Id. at *2 (footnotes omitted).

Then, in the Pinnacle Hip litigation, plaintiffs were twice allowed to introduce punitive damages experts.  First, in In re DePuy Orthopaedics, Inc. Pinnacle Hip Implant Products Liability Litigation, 2014 WL 3557345 (N.D. Tex. July 18, 2014), they were allowed to present expert “calculations” that opined on “the amount that Defendants could afford to pay before being adversely affected.”  Id. at *9-10.  Essentially the same thing happened two years later, in In re DePuy Orthopaedics, Inc., 2016 WL 6271474 (N.D. Tex. Jan. 5, 2016), with a different expert permitted to opine on the defendant’s “ability to run its business” despite punitive damages and “what constitutes a significant change in [defendant’s] market value.”  Id. at *9.  This expert made “calculations of figures which would not affect [defendant’s] day-to-day operations.  Id.

So, how did that work out?

Well in Actos, the jury that heard the opinion brought back a punitive damages award of $9 billion against two defendants.  In re Actos (Pioglitazone) Products Liability Litigation, 2014 WL 5461859, at *7 (W.D. La. Oct. 27, 2014).  Because the accompanying compensatory award was $1.475 million, id. at *46, the punitive damages award was blatantly unconstitutional (ratios of 5424/1 and 8136/1).  Consequently, it was reduced by over 99% to a still outrageously excessive (ratio of 25/1) $36.875 million.  Id. at *55.  The case settled on appeal, so the constitutionality of even the reduced amount was never decided.
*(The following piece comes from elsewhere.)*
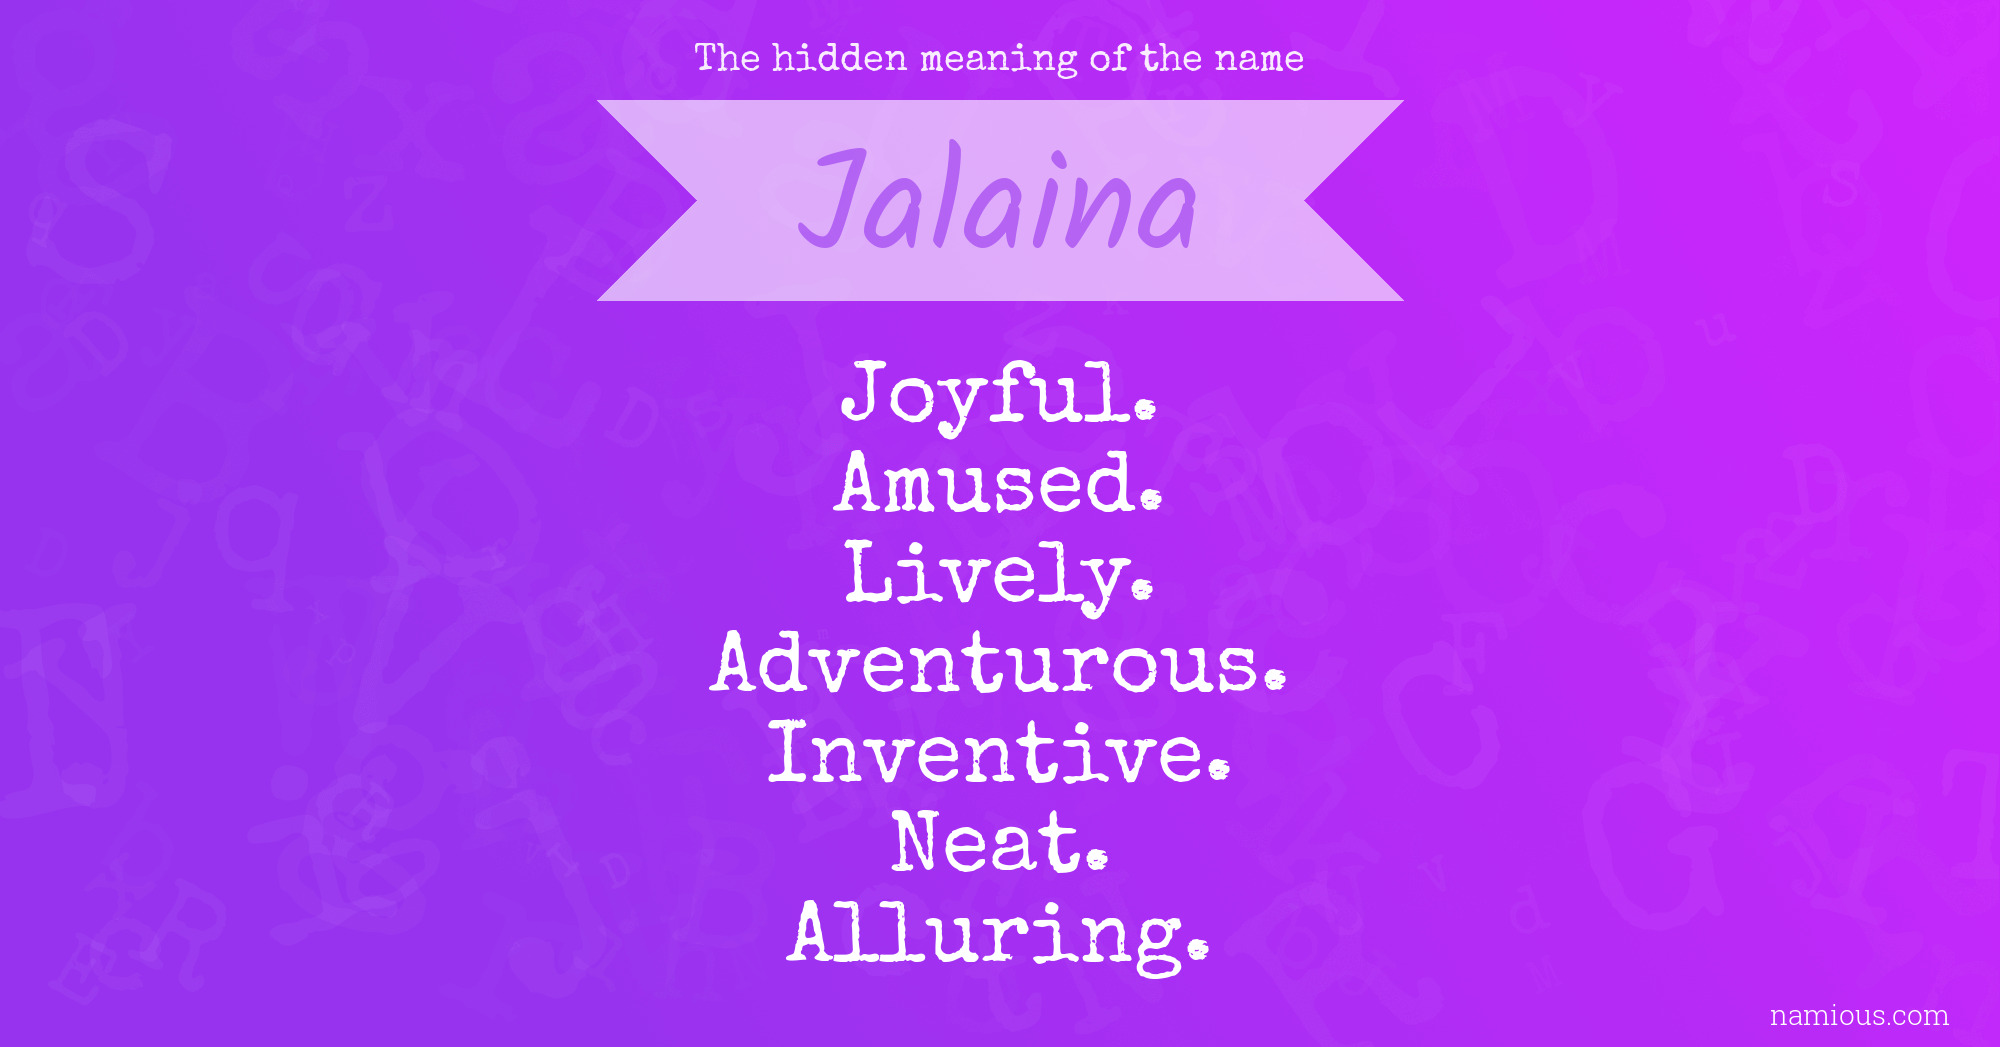 The hidden meaning of the name Jalaina

In Pinnacle Hip, the jury in 2016 awarded $60 million in punitives.  Aoki v. DePuy Orthopaedics, Inc., 2016 WL 10828742, at *1 (N.D. Tex. July 5, 2016), reversed, 888 F.3d 753 (5th Cir. 2018) (awarding new trial for reasons unrelated to punitive damages).  That award was illegal under Texas law, which capped punitive damages.  See Tex. Civ. Prac. & Rem. Code § 41.008(b).  Thus the punitive damages award was reduced to $1.834 million – a reduction of 97%.  Aoki, 2016 WL 10828742, at *1.  Because of the Texas statute, the original award’s constitutionality did not have to be decided.  We didn’t find any further discussion of punitive damages in Pinnacle Hip in 2014, so that must have been the trial the defendants won, so the punitive damages expert never actually testified.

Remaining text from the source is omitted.